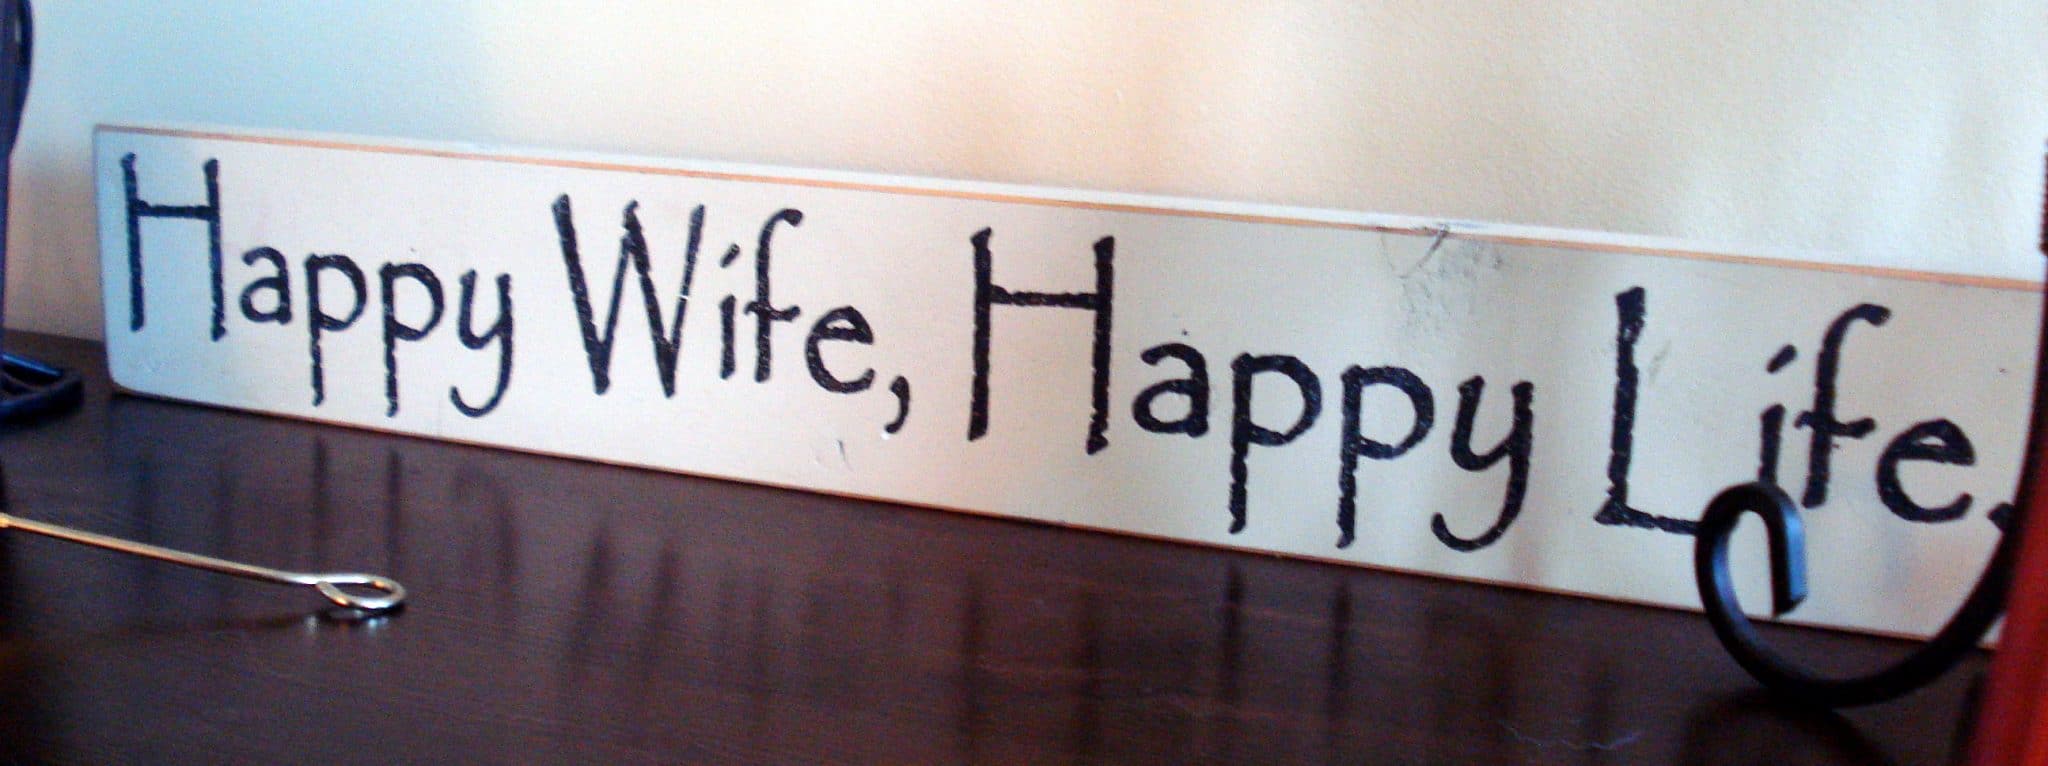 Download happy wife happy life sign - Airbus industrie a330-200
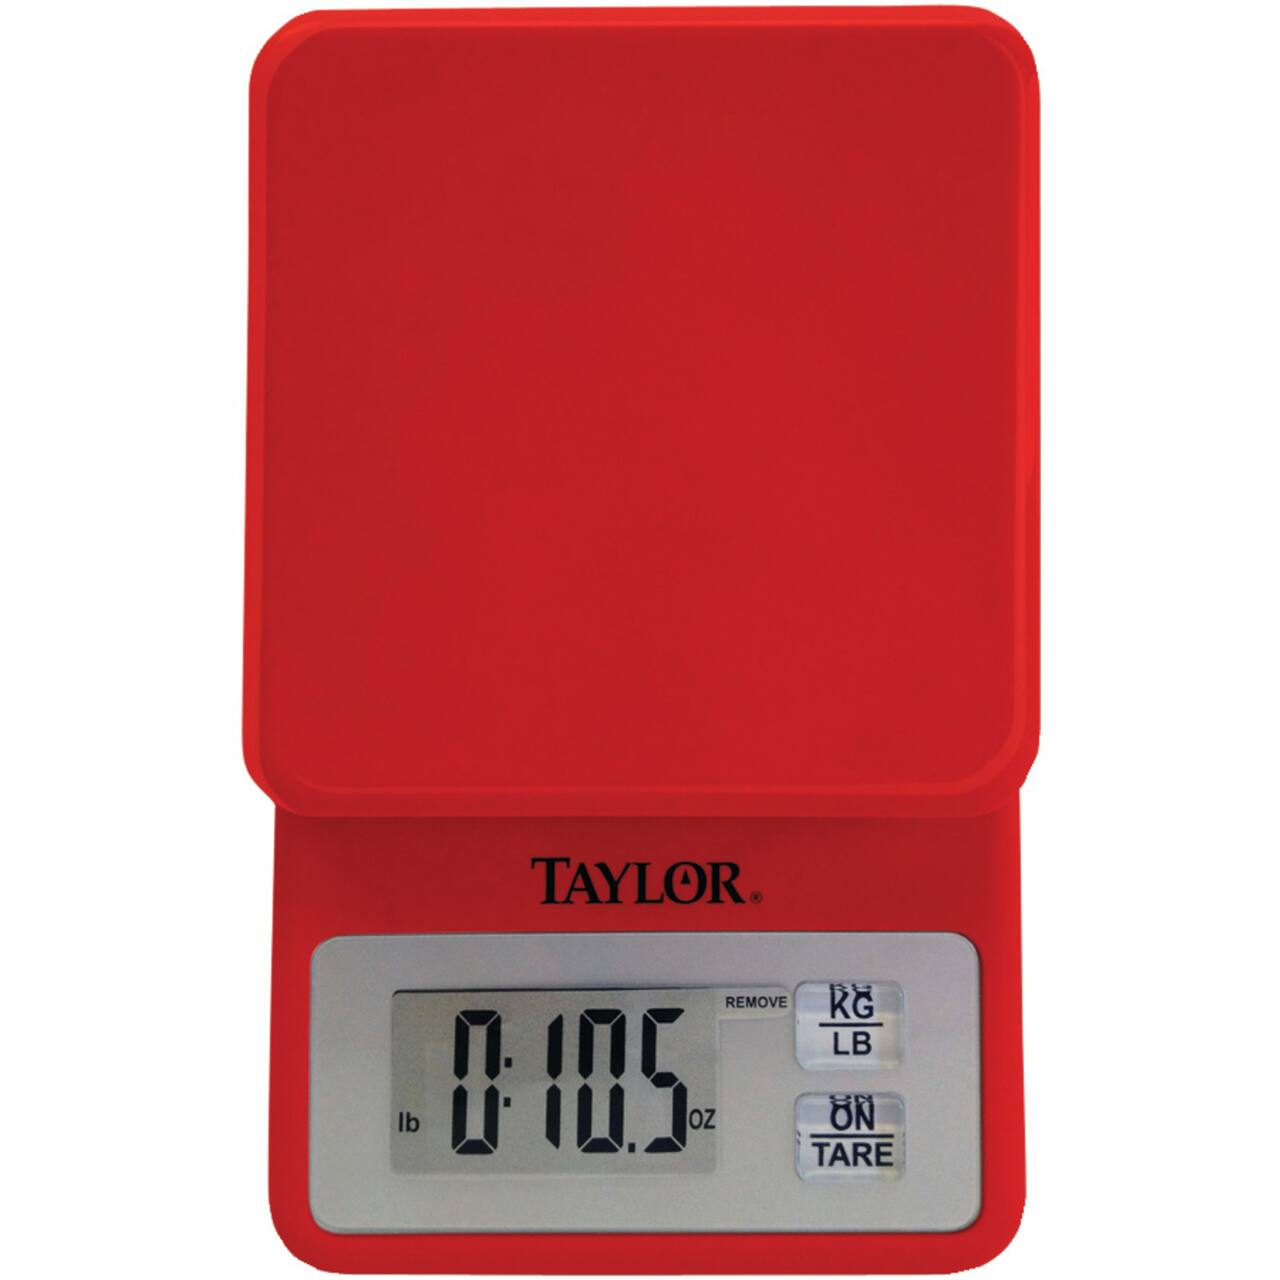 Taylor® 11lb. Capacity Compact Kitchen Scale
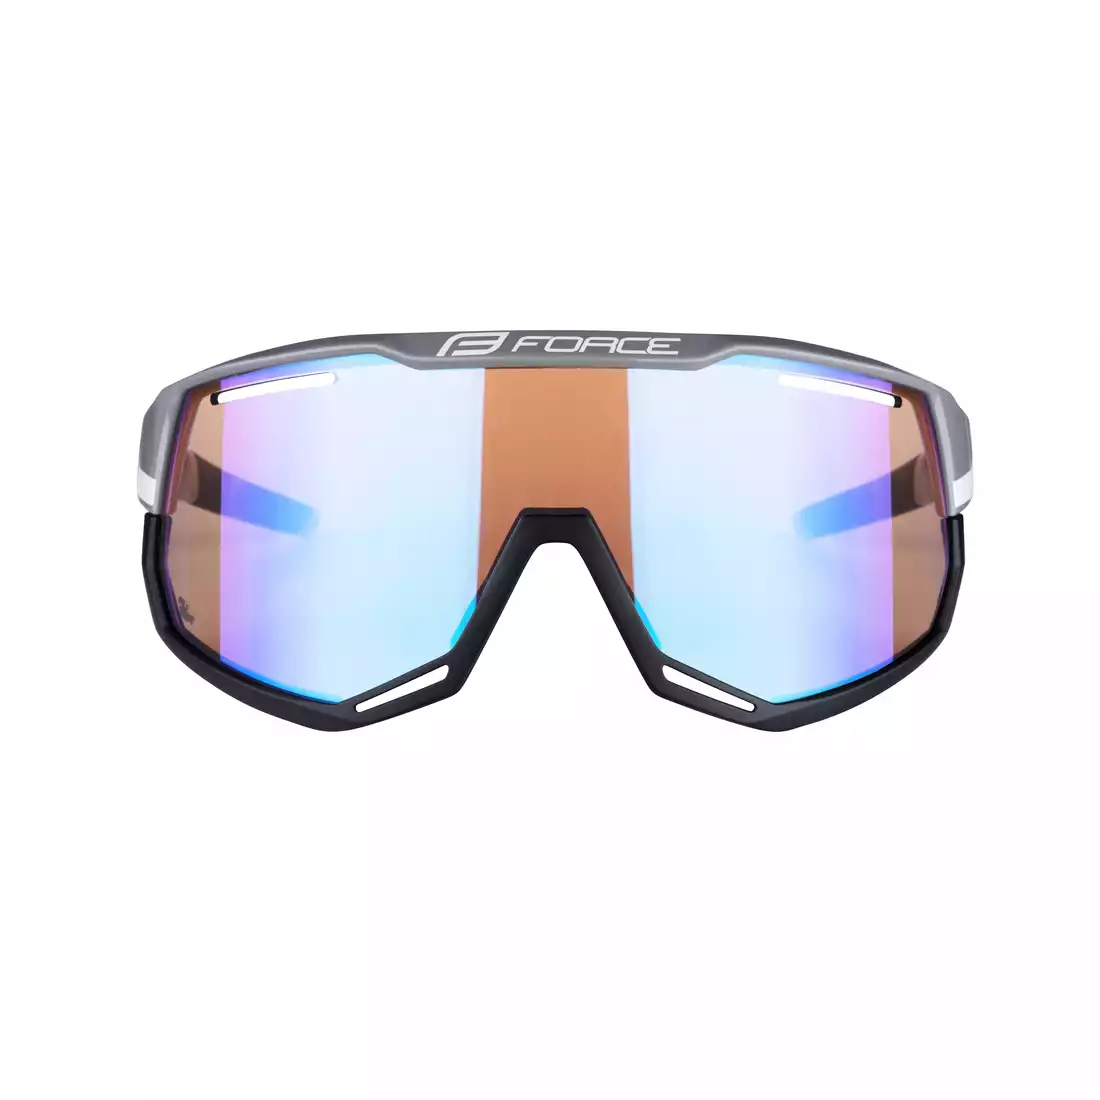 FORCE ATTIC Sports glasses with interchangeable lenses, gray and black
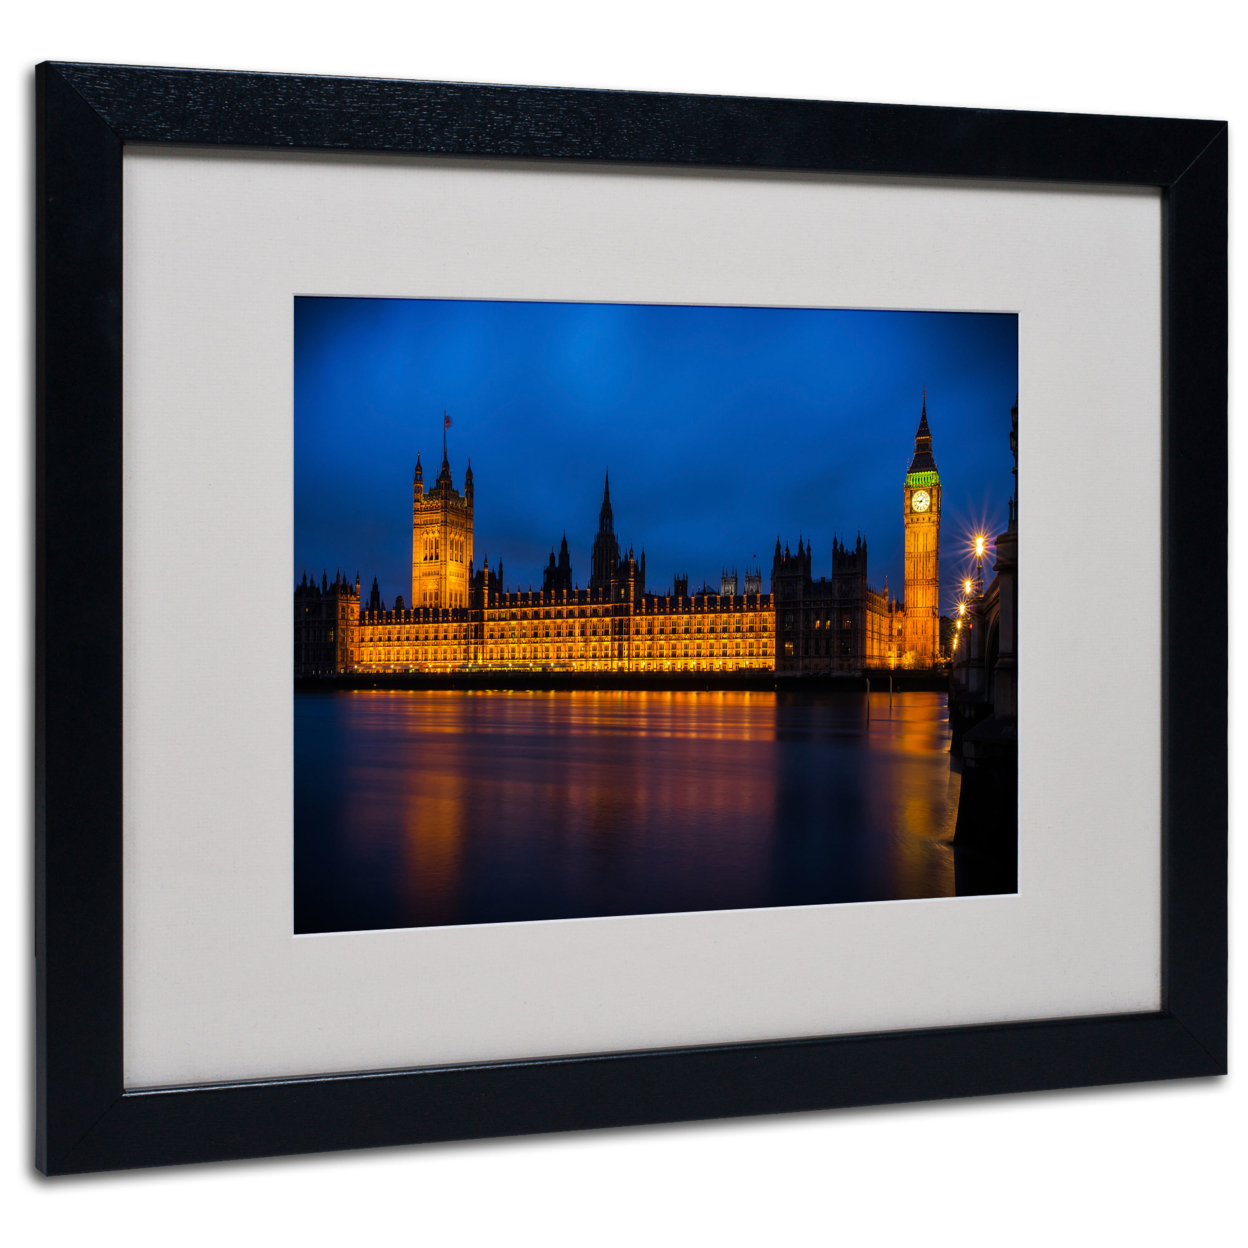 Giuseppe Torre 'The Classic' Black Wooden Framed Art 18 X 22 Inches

#### PROBLEM:
The expected output is the run of lines from the one containing "FORCE ATTIC Sports" to the last line of the listing above, both included, word for word and free of pictures.

#### SOLUTION FOR THIS TASK:
 FORCE ATTIC Sports glasses with interchangeable lenses, gray and black
 Giuseppe Torre 'The Classic' Black Wooden Framed Art 18 X 22 Inches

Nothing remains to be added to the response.